More to the point, his team was in disarray leading up to the Cup. He rarely used the same lineup twice. He didn't even decide on a roster until early this month. He was vague about tactics and personnel. He babbled in five languages and broken English. "A lot of times I have no idea what he is doing," defender Alexi Lalas said earlier this year.

When the team won only five of 19 practice matches before the Cup, skepticism bloomed. The Great Debate of U.S. soccer -- is Bora a miracle worker or a nutty professor? -- was not pointing to a pleasant conclusion.

"I think he has no idea," said Peter Vermes, a member of the 1990 U.S. Cup team, after Bora cut him.

The only cause for optimism was Bora's record. A Serbian soccer vagabond who had played in Yugoslavia, Switzerland, Monaco and France, and coached in Argentina and Mexico, he coached Mexico's national team to the quarterfinals of the 1986 Cup. Four years ago, he took over tiny Costa Rica after it had qualified for the Cup, cut the team captain and six starters, and advanced to the second round with two wins.

Making a something out of the nothing that was U.S. soccer was a greater challenge than the other two combined. But Bora never stopped smiling and babbling, even when things got tense and he was criticized. He never said he was in trouble. He just said, in essence, we'll see.

Sure enough, we did.

A day after the U.S. surprised Colombia to win a Cup game for the first time in 44 years and establish itself as a legitimate international team, the sorting out of the credit was simple. Bora deserved it.

One of soccer's beauties is that it is a players' game, that, unlike college basketball and pro football, the coaches aren't kingmakers. But there are exceptions, and this is one of them.

What has Bora done? A better question is: What hasn't he done?

Replacing a coach who had foolishly tried to win with youth and enthusiasm four years ago, Bora effectively professionalized the operation, bringing in more players with European experience and businesslike attitudes.

He took his players all over the world for games, plugged them into soccer's global network, taught them that they weren't outsiders, that they could compete. He changed their attitude, gave them confidence.

"It takes a huge leap of faith, because a lot of times with him you're totally blind about what's going on," Lalas said yesterday, "but we just said, 'OK, he's been there and we haven't, so we better do what he says.' "

It turns out he was not wrong to replace such Cup veterans as Vermes, Bruce Murray and Desmond Armstrong.

It turns out he was not wrong to keep insisting that the disappointing pre-Cup results were irrelevant, that he was just developing players.

It turns out his players could indeed adapt to his Latin-influenced style, with its emphasis on short passes. It turns out, after all the skepticism, that there was substance behind his bizarre style.

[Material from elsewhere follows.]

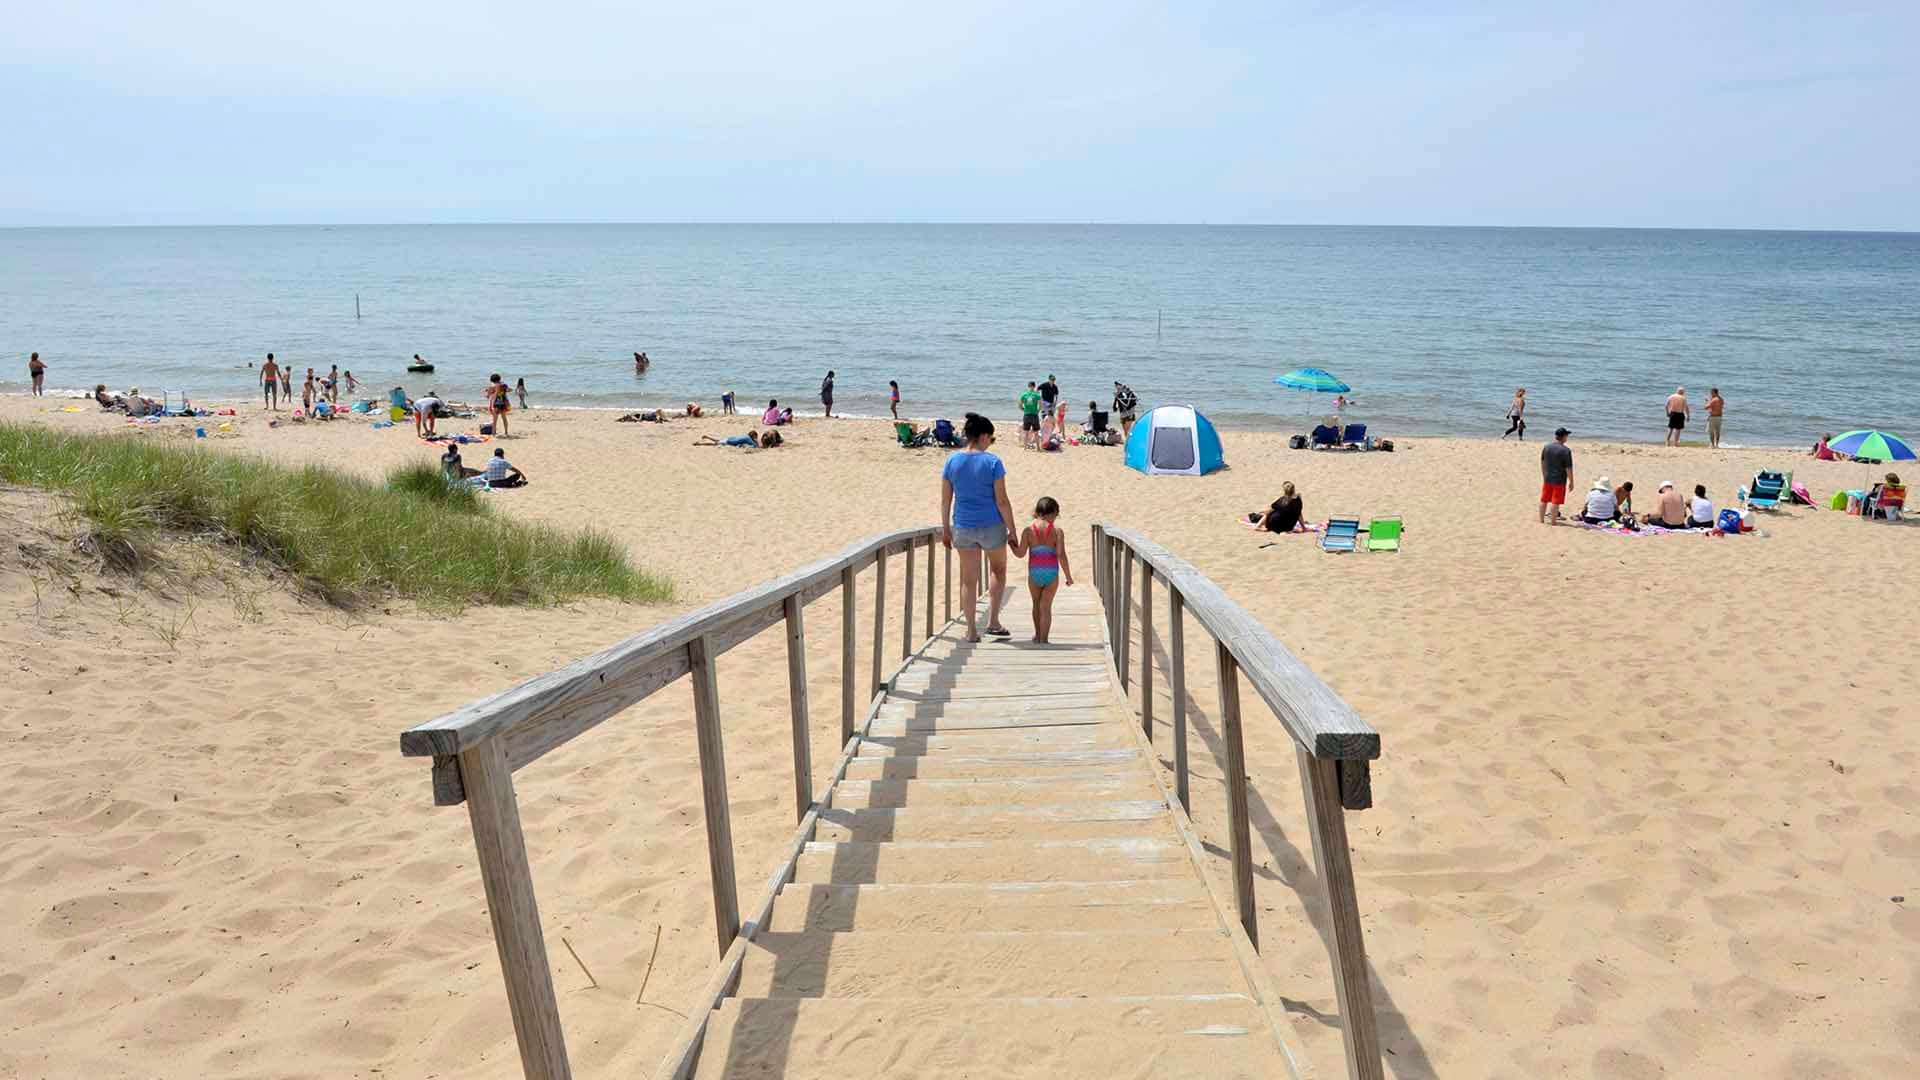 Oval Beach in Saugatuck, Michigan, draws crowds, especially in summer.

Just look at the scoreboard.

All of the pieces have come together just when they were supposed to, when it matters, in the Cup. The U.S. is playing at a level it has never come close to reaching before. To anyone who has followed the team, the Colombia game was an astonishment out of nowhere, the players were dangerous and creative instead of limited and plodding. They were a real World Cup team.

"A lot of people thought Bora didn't know what he was doing," Lalas said, smiling, "but they do now."

Yes, they do. In 90 minutes, the U.S. validated three years of Bora's impact. And no matter what happens in the rest of the Cup, even if the U.S. team loses to Romania on Sunday and gets whacked in the second round, the results are in on this one. Bora has succeeded. Soccer has registered a blip on the American sports radar. Bora has turned the nothing into a something. Just don't ask him how he did it.